One odd thing about the nicknames that made the final round is that they’re all somehow even more vague than the guiding principles. Here’s a quick ranking of them from best to worst, in my opinion: Blue Fog, Sentinels, Catalysts, Fireworks, Monumentals, Ambassadors, Independents, Revolutionaries, Squad, Truth. I don’t love any of them.

But some are better than others. Blue Fog references one of the school’s primary colors and its location in the Foggy Bottom neighborhood. Sentinels comes from the military and basically just means “watchmen.” Catalysts is really vague, but fun to say. Fireworks sounds like a name a minor league baseball team renames itself for one night in July. Monumentals is unique, but also doesn't quite seem like a noun. Ambassadors is a weird one, but still way better than Independents. Revolutionaries is just lazy. It’s essentially trying for the same thing as Colonials; if you’re going to change it, change it. Naming a sports team “Squad” might even be worse than if they were the “Team.” In any other circumstance it would be a pretty obvious Worst Possible Option when it comes to a team's nickname.

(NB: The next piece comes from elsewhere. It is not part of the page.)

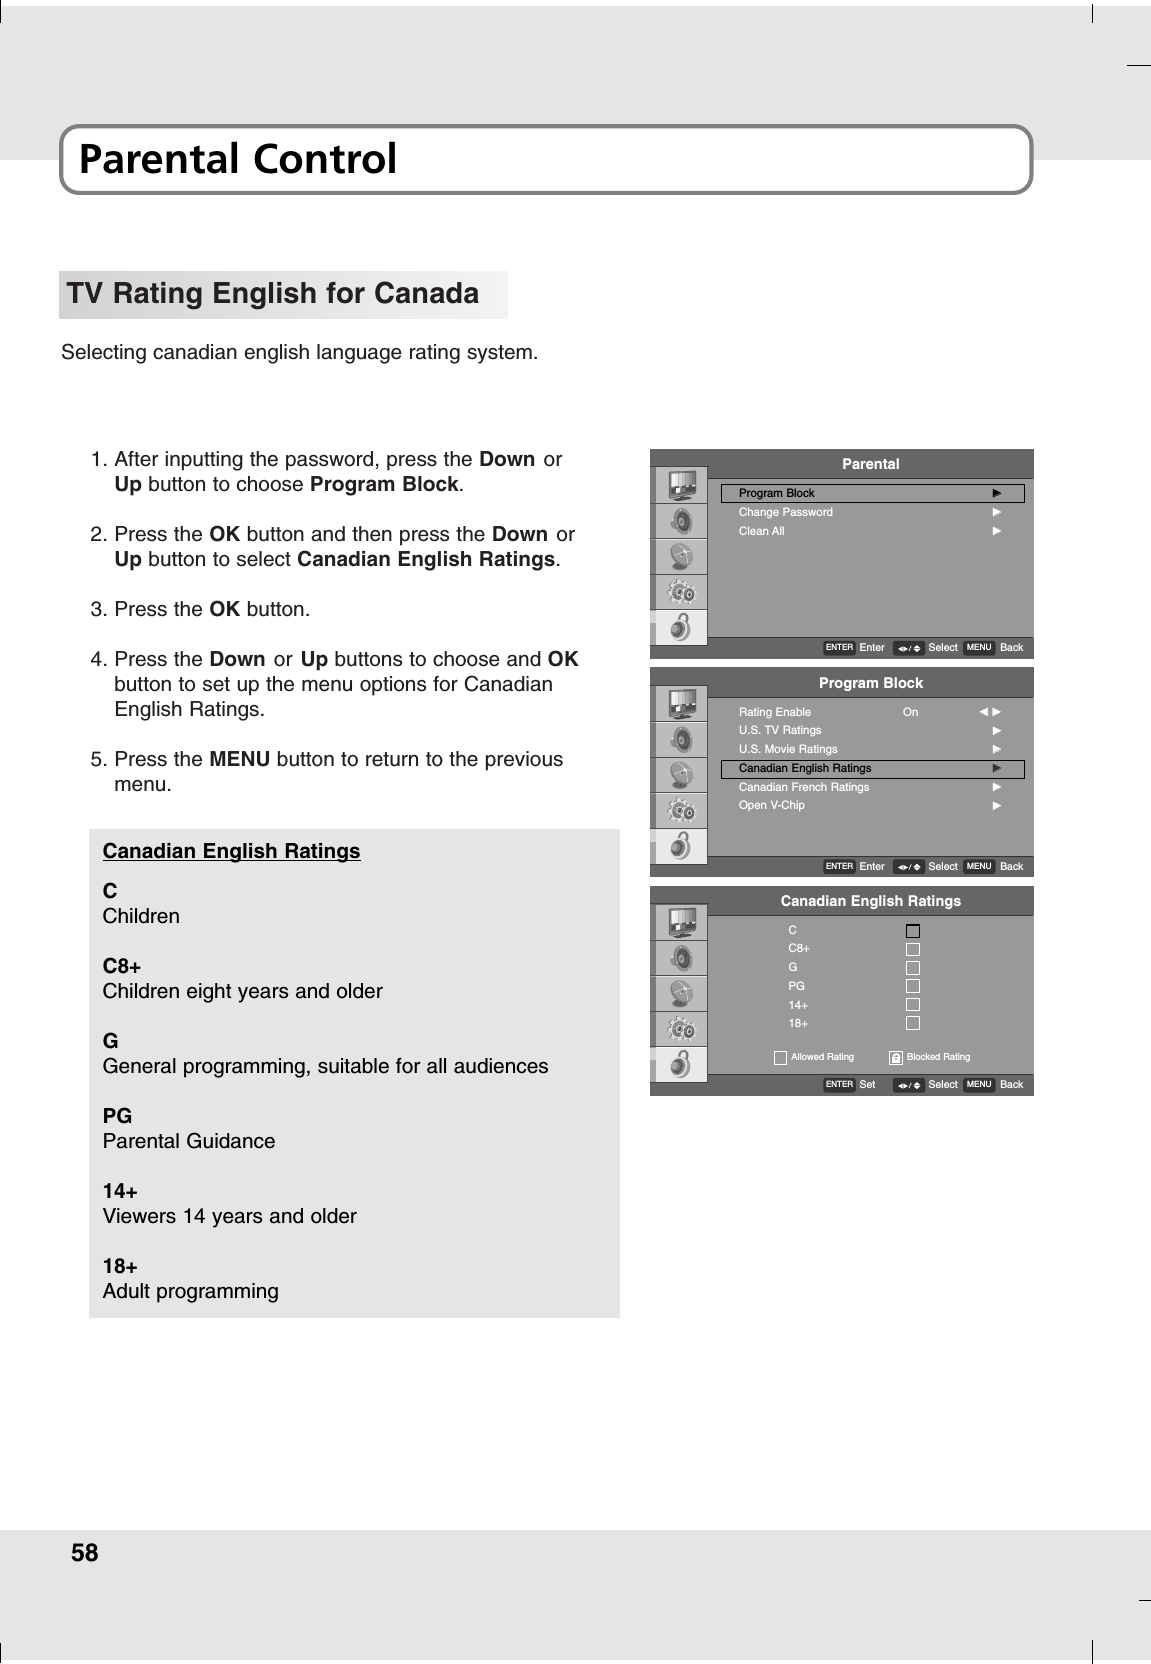 58Parental ControlTV Rating English for CanadaSelecting canadian english language rating system.1. After inputting the password, press the Down orUp button to choose Program Block.2. Press the OK button and then press the Down orUp button to select Canadian English Ratings.3. Press the OK button.4. Press the Down or Up buttons to choose and OKbutton to set up the menu options for CanadianEnglish Ratings.5. Press the MENU button to return to the previousmenu.CChildrenC8+Children eight years and olderGGeneral programming, suitable for all audiencesPGParental Guidance 14+Viewers 14 years and older18+Adult programmingCanadian English RatingsParentalProgram BlockChange PasswordClean AllGGGGGGENTEREnter MENU BackSelectProgram BlockRating EnableU.S. TV RatingsU.S. Movie RatingsCanadian English RatingsCanadian French RatingsOpen V-ChipOn FF  GGGGGGGGGGGGENTEREnter MENU BackSelectCanadian English RatingsENTERSet MENU BackSelectCC8+GPG14+18+Allowed Rating Blocked Rating

You should feel free to quibble with my rankings in the comments, with one exception: Truth is by far the worst nickname on this list. It is the worst potential nickname for any sports team ever, worse than even the proposed New Hampshire Primaries baseball team. If current athletes hated Hippos, what are they going to say about Truth?

No doubt it comes from the oft-told story about how George Washington chopped down his father’s cherry tree and, when confronted about it, admitted to it by saying “I cannot tell a lie … I did cut it with my hatchet.” Like many stories about politicians from colonial era, it is completely made up. The story behind it is pretty great, though. It was made up in the 19th century by Mason Locke Weems, who wrote The Life and Memorable Actions of George Washington in 1800. It was not until the book’s fifth edition, in 1816, that the story about the cherry tree made it in. Parson Weems said he heard it from an old family friend of the Washington’s, but we are all adults here. He made it up.

But did you notice that great potential nickname for George Washington University in the preceding paragraph? The school needs to add an 11th potential nickname. Forget The Truth, the Atlantic 10 needs the George Washington Memorable Actions.